→ Provided data:

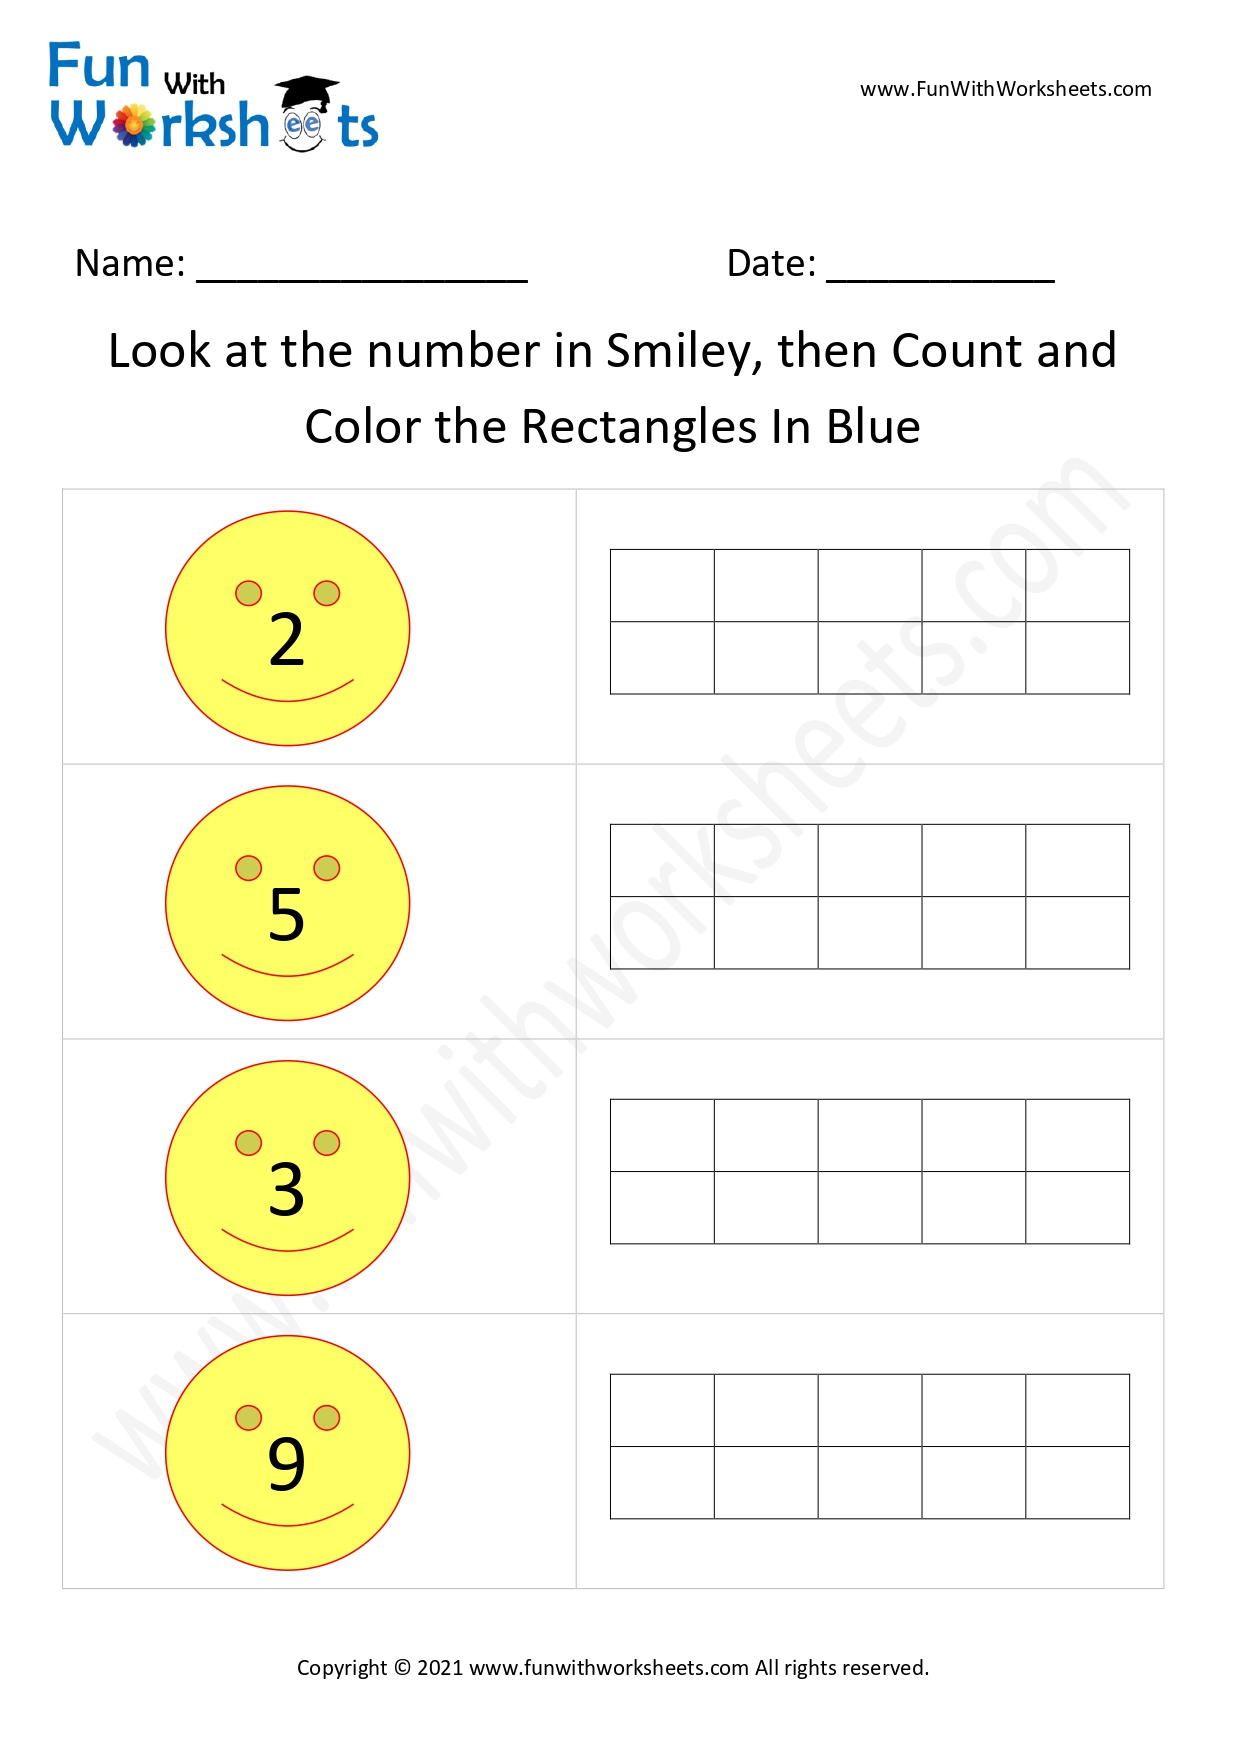 count-and-color-practice-worksheets-free-printable-worksheets
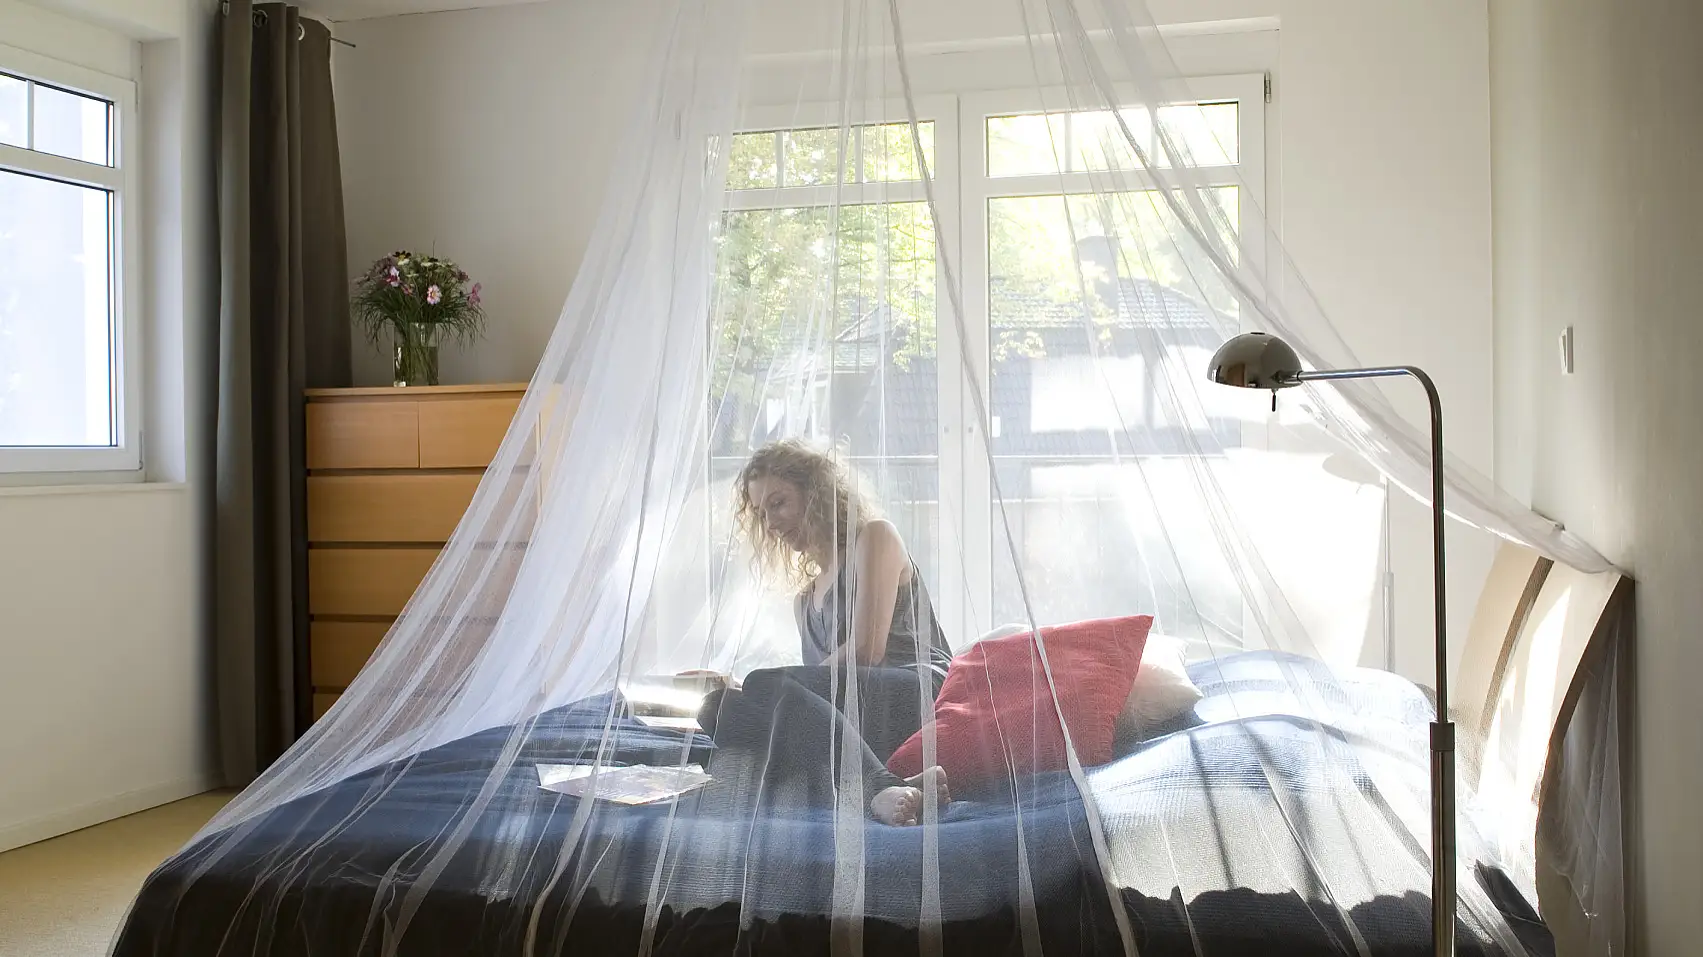 A mosquito net provides insect protection and is attached to the ceiling in the bedroom of your home or while traveling.
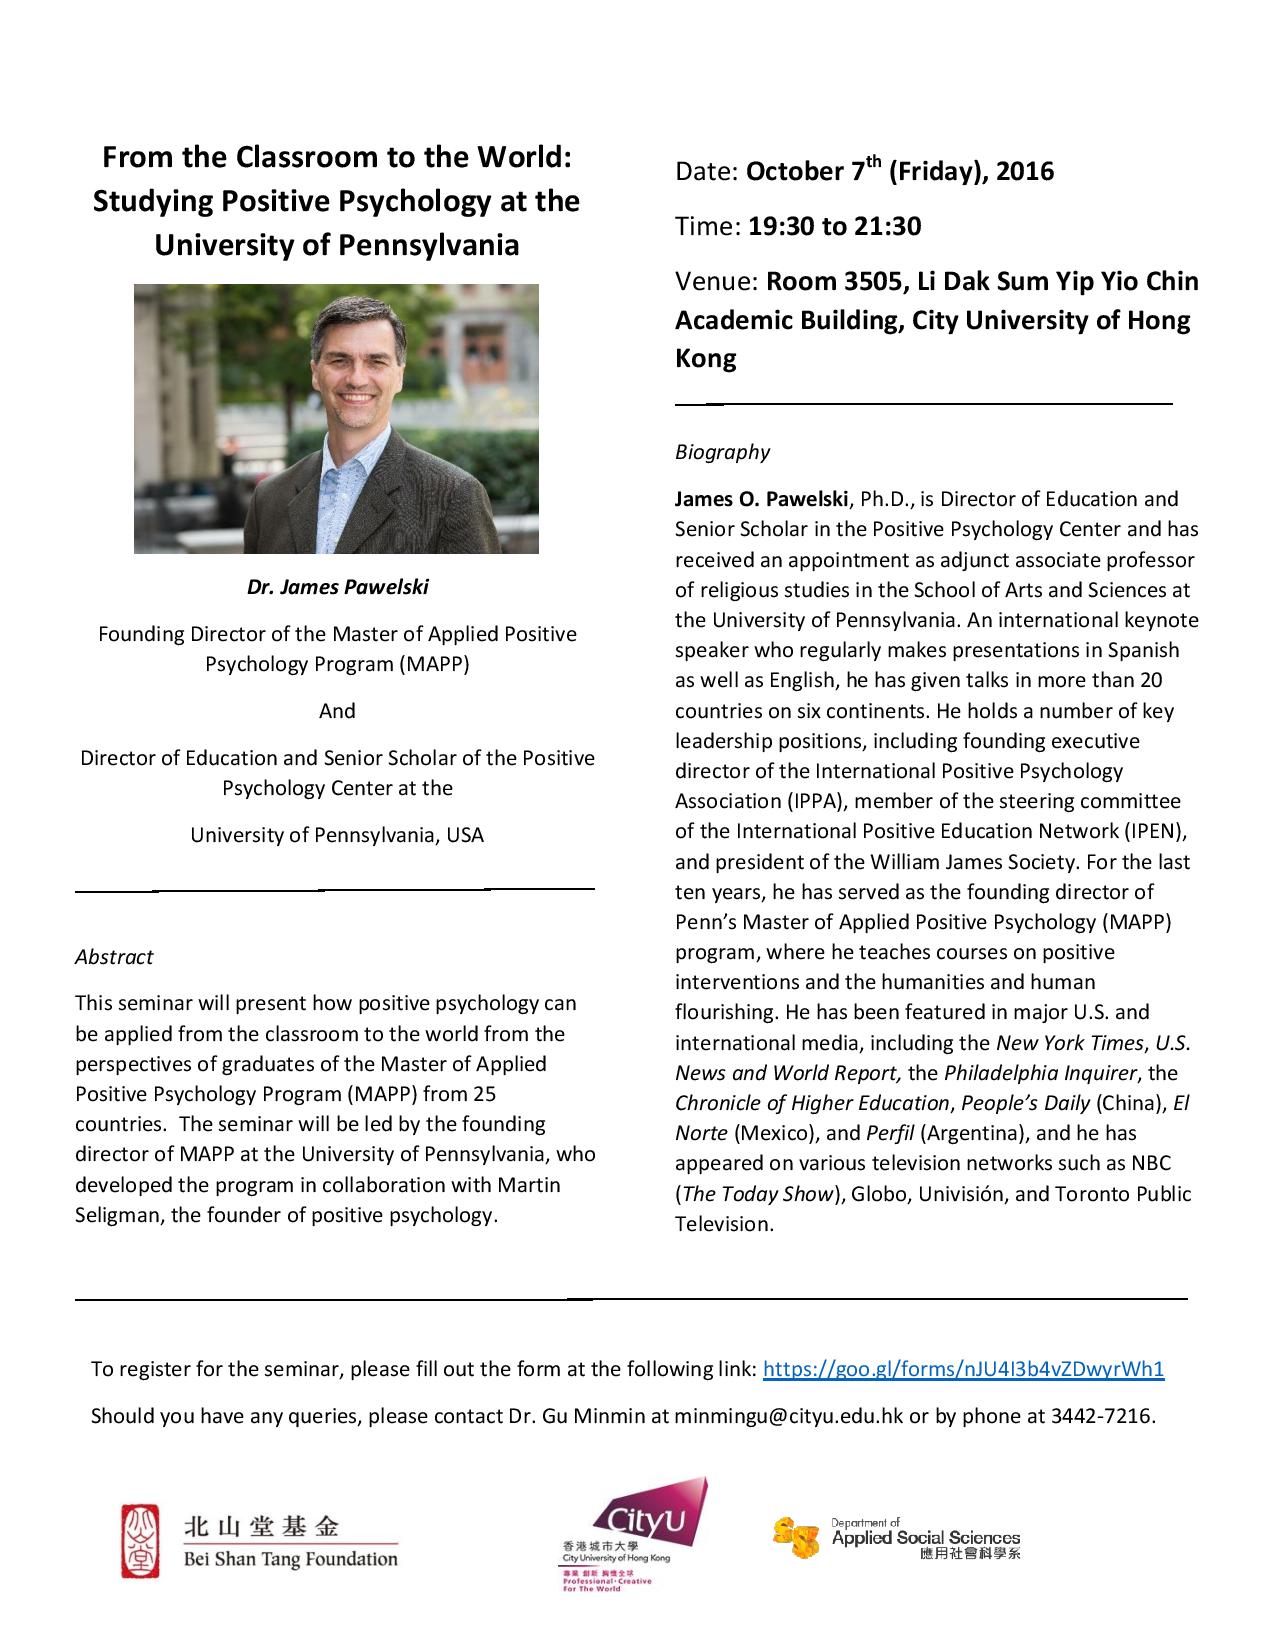 seminar From the Classroom to the World: Studying Positive Psychology at the University of Pennsylvania

→ Brief:
The listing above should be repeated word for word, pictures removed.

→ Written response:
 count-and-color-practice-worksheets-free-printable-worksheets
 A mosquito net provides insect protection and is attached to the ceiling in the bedroom of your home or while traveling.
 seminar From the Classroom to the World: Studying Positive Psychology at the University of Pennsylvania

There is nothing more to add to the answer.